I will always be an avid reader, finding so many friends and adventures in books, but reading is pretty much a solitary activity. Yes, I can discuss the books with other readers, but fewer people read the same books than watch the same TV programs. There’s a bond in sharing those unfolding stories that can unite strangers at the water coolers, or spark discussions at on-line fan sites (such as Television Without Pity) that can lead to actual friendships. I have several good on-line friends I’ve “met” through those sites, a few of whom have enriched my life for several years now, making me feel as though I know them quite well. Our shared pleasure in the stories led us to discoveries of other things we have in common.

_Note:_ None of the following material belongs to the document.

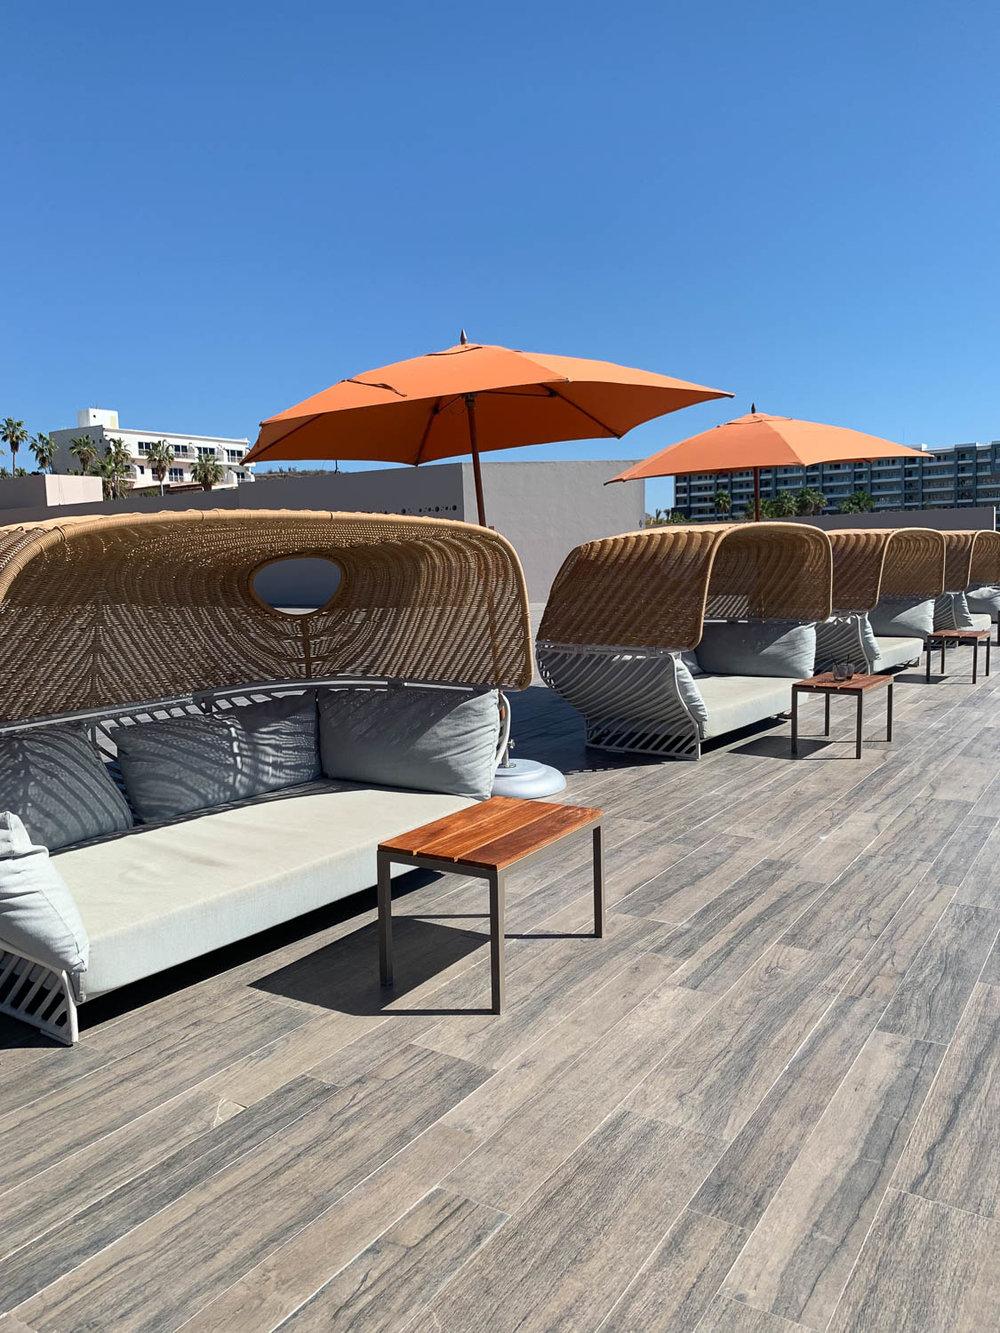 Best All-Inclusive Resort - Cabo All Inclusive Resort - Cabo Resort-5746.jpg

Just as earlier civilizations bonded with tales told around the campfire, television is the flickering light around which we now gather to have our imaginations captivated by clever storytellers. Yes, I have a “real life” — quite busy at times, though not as hectic now that I’m an empty-nester as it was when I had three kids in choir, drama, piano, church activities, drill team and school clubs. I admit cheerfully that TV is a part of that life. The kids bonded with us over quite a few shows in their childhoods. As it was for me, TV was part of their youth, though I kept a fairly close eye on the programs they were allowed to watch (the variety being so much greater than the 3 networks available when I was young). They’re too busy these days to watch much (not having yet reached the slower-paced life stage their dad and I have achieved). In addition to establishing their careers in science and medicine, they like to travel and socialize and hike and ski and play board games and video games and play music and many other activities, but they also enjoy a good story — whether in a book, on a stage, on a theater screen or on a monitor (TV or computer). I like to think I’ve nurtured the fanciful side of their personalities along with the practical.

I have a blessedly free evening ahead, so once I finish my work for today, I’ll relax with the book I’m reading from the top of my teetering to-be-read pile, and new episodes of House and Castle. I’m so grateful for all the gifted storytellers who have provided so much pleasure during my life — and I can’t wait for the next great virtual adventure!